Blood loss in saline-treated mice (21 µL/g) was reduced significantly by both agents, TXA or rFVIIa (~16 µL/g). Saline-treated mice developed acute traumatic coagulopathy (ATC), characterized by elevated APTT (35 seconds vs 23 seconds baseline [BL]), TAT-complex formation (334 ng/mL vs 7 ng/mL BL), and reductions of FV (14% vs 94% BL) FVIII (4% vs 101% BL)), and fibrinogen (47% vs 99% BL). Consistent with ATC, FII, and FX remained unaffected. Whereas TXA normalized the ATC, rFVIIa over-corrected the APTT, and increased TAT complexes and FVIII levels. While both agents reduced PAP complex formation similarly, suggestive of fibrinolysis control, rFVIIa was unable to suppress D-dimer formation, suggestive of persistent clot turnover. Seven-day survival was ~80% for mice treated with saline or TXA, but only ~50% for mice treated with rFVIIa. Pronounced pulmonary fibrin depositions (luminal thrombi) were noted in the surviving mice treated with rFVIIa, but were absent in TXA-treated mice

Conclusion

Peri-traumatic TXA and rFVIIa resulted in similar bleed reduction. However, while TXA normalized ATC, rFVIIa promoted prothrombotic coagulation abnormalities associated with increased mortality and thromboembolic complications. Since TXA mitigates but does not abolish bleeding and death in humans, our findings highlight the urgent need for alternative, targeted interventions to reduce ATC, traumatic bleeding, and death in humans.

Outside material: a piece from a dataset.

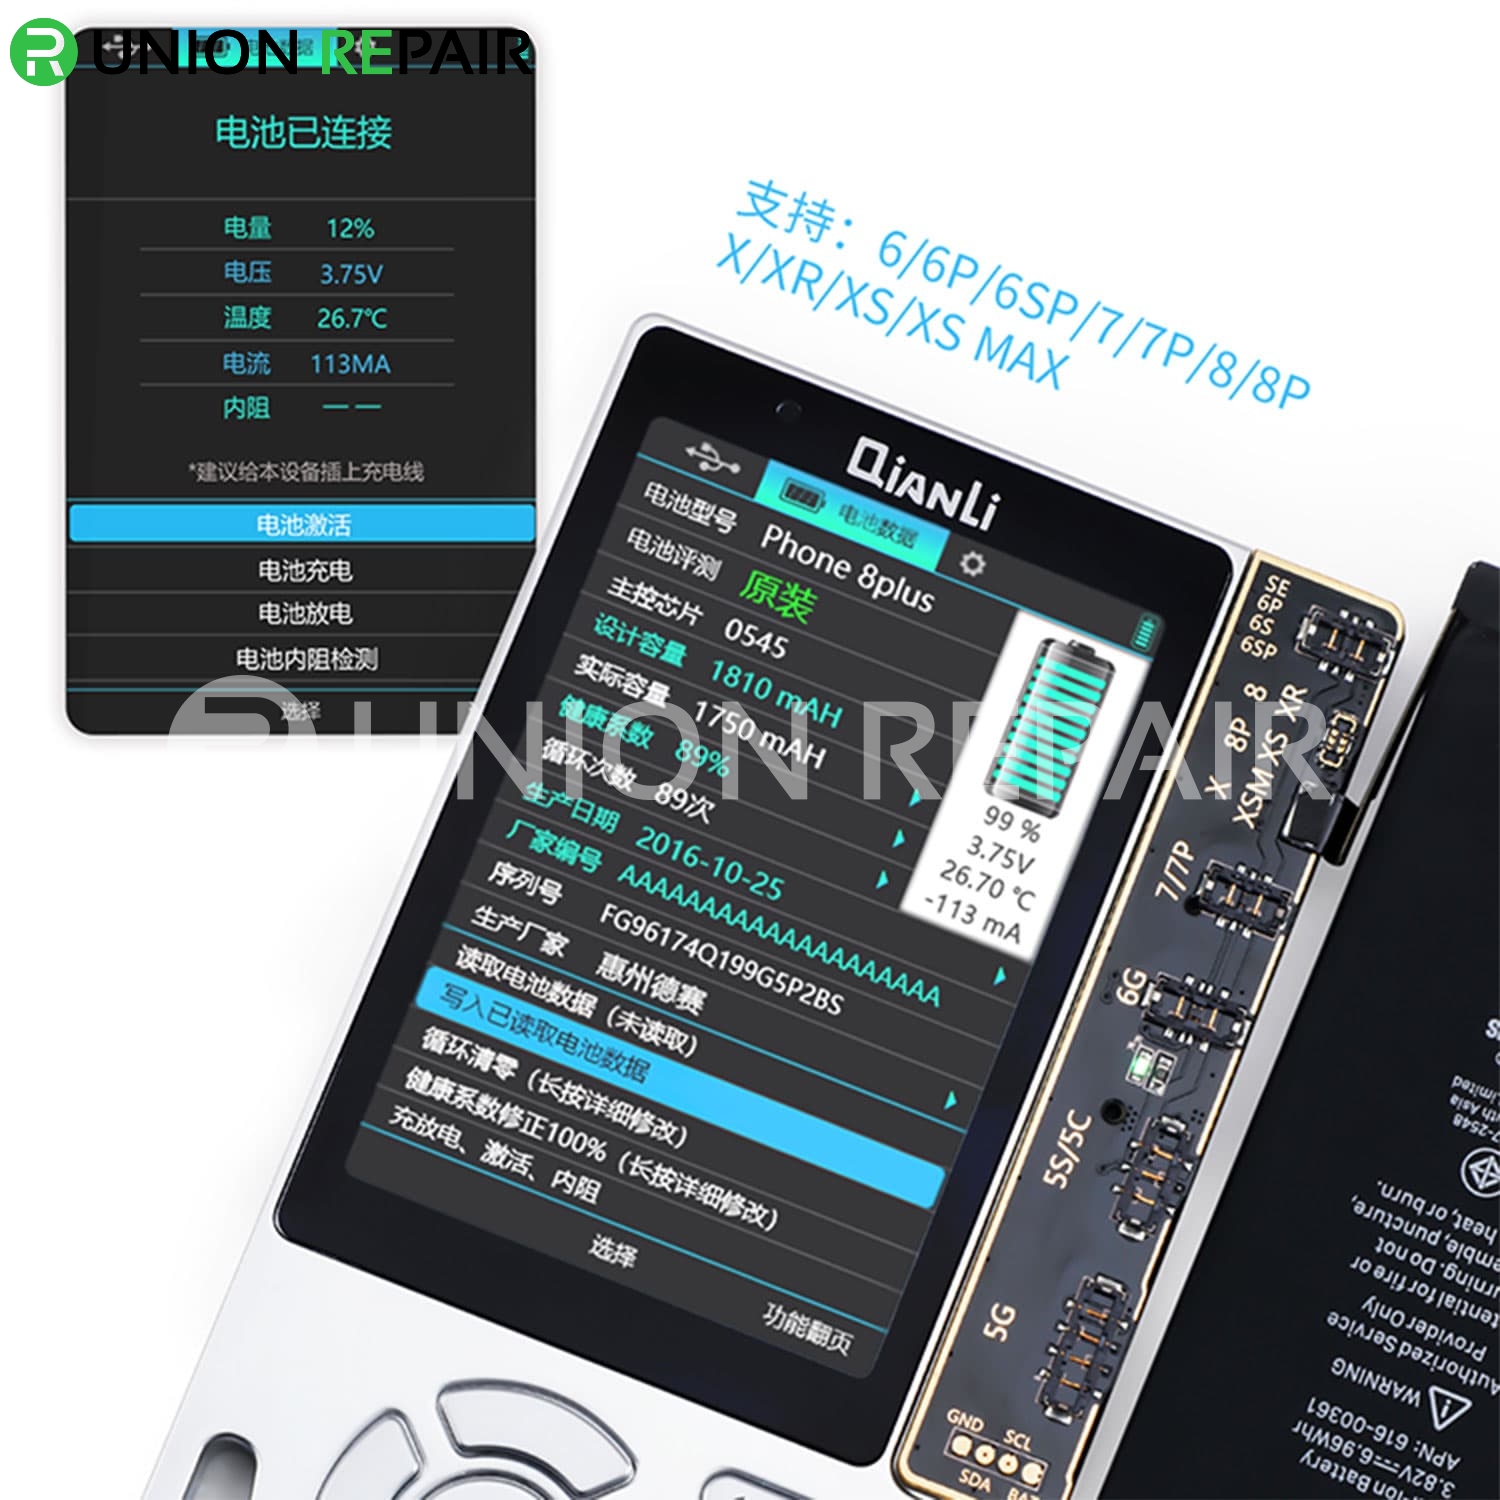 Qianli ToolPlus APOLLO ONE Multifunction Restore Detection Device

Disclosures: von Drygalski: Biomarin: Consultancy, Honoraria; Sparx Therapeutics: Consultancy, Honoraria; Novo Nordisk: Consultancy, Honoraria; CSL-Behring: Consultancy, Honoraria; Bioverativ/Sanofi: Consultancy, Research Funding; Genentech: Consultancy, Honoraria; Pfizer: Consultancy, Research Funding; Hematherix LLC: Other: Co-founder; Takeda: Consultancy, Honoraria; Regeneron: Consultancy, Honoraria.